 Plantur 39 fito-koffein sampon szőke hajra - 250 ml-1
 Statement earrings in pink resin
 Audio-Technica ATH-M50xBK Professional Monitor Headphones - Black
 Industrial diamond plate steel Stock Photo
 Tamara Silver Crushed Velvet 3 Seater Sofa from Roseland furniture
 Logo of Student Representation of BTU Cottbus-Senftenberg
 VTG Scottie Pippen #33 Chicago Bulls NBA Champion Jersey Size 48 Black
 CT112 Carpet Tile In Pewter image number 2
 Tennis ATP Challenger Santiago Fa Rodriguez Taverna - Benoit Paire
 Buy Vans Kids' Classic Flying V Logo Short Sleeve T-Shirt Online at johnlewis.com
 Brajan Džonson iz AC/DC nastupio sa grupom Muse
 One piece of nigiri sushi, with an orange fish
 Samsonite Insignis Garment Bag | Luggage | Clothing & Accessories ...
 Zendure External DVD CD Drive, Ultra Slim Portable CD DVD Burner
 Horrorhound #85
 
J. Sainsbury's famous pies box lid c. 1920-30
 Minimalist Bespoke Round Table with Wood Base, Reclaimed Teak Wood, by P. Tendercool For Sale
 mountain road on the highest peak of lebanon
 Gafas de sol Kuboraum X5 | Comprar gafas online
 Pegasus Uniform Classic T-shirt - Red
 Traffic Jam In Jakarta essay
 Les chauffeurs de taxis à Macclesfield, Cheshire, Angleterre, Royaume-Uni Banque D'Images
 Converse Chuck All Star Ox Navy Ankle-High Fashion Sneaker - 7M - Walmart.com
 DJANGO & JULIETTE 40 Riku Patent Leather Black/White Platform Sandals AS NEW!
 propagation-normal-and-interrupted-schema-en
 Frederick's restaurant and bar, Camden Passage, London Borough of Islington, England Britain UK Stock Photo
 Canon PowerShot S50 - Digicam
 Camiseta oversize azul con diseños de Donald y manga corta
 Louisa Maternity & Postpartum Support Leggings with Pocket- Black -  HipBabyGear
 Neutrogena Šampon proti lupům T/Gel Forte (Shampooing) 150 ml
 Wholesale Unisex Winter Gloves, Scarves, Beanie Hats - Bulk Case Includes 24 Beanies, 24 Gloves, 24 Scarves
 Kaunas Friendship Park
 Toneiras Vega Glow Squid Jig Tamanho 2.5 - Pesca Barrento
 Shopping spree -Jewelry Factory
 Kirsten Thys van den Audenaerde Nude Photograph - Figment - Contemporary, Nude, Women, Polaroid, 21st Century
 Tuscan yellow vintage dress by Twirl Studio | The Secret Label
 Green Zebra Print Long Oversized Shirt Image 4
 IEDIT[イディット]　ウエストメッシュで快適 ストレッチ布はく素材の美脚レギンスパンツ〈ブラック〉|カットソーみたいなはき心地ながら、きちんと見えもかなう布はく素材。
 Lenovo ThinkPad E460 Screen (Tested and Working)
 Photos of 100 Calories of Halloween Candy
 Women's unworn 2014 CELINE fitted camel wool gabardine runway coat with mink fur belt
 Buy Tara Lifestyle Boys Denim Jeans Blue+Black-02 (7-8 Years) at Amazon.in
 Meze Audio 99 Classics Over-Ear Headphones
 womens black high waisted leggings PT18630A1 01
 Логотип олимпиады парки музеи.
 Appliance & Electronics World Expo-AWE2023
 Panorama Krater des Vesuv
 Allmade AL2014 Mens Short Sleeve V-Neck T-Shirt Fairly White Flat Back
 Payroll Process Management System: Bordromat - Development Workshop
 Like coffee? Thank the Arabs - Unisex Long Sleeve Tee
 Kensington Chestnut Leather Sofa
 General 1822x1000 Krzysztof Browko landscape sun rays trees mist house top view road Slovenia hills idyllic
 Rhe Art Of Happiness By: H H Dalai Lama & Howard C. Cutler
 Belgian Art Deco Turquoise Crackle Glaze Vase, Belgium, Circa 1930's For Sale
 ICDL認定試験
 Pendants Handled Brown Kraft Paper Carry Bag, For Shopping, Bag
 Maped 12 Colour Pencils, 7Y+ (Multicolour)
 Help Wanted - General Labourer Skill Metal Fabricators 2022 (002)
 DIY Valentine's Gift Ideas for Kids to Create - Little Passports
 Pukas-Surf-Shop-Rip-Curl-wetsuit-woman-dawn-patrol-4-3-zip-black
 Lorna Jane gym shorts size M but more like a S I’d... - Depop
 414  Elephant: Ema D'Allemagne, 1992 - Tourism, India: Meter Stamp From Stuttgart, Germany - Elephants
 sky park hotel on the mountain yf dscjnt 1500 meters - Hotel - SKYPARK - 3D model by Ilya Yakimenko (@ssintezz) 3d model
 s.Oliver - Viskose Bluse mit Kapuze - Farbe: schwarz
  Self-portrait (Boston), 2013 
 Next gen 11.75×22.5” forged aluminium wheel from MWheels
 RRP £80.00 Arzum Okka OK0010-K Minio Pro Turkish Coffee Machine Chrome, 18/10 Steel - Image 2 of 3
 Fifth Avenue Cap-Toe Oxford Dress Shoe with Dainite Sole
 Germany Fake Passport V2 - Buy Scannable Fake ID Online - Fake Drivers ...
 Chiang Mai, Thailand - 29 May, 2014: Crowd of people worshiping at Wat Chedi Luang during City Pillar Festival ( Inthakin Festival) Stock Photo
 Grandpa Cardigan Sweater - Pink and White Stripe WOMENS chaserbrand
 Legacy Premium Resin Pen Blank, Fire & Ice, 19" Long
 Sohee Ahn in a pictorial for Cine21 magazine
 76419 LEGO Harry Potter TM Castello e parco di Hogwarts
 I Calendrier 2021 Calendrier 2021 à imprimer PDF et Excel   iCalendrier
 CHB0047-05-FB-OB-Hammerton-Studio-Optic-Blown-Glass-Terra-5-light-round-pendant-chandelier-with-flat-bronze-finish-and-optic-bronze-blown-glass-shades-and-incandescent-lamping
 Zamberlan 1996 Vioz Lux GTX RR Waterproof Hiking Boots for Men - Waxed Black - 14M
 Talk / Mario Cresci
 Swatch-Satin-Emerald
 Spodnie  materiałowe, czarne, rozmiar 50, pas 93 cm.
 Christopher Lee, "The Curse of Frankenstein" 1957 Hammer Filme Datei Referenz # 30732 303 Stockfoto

== TO DO ==
From the first line of the data above through the line containing "Horrorhound #85", repeat each line exactly, and add nothing.

== SOLUTION TO THE PROBLEM ==
 Plantur 39 fito-koffein sampon szőke hajra - 250 ml-1
 Statement earrings in pink resin
 Audio-Technica ATH-M50xBK Professional Monitor Headphones - Black
 Industrial diamond plate steel Stock Photo
 Tamara Silver Crushed Velvet 3 Seater Sofa from Roseland furniture
 Logo of Student Representation of BTU Cottbus-Senftenberg
 VTG Scottie Pippen #33 Chicago Bulls NBA Champion Jersey Size 48 Black
 CT112 Carpet Tile In Pewter image number 2
 Tennis ATP Challenger Santiago Fa Rodriguez Taverna - Benoit Paire
 Buy Vans Kids' Classic Flying V Logo Short Sleeve T-Shirt Online at johnlewis.com
 Brajan Džonson iz AC/DC nastupio sa grupom Muse
 One piece of nigiri sushi, with an orange fish
 Samsonite Insignis Garment Bag | Luggage | Clothing & Accessories ...
 Zendure External DVD CD Drive, Ultra Slim Portable CD DVD Burner
 Horrorhound #85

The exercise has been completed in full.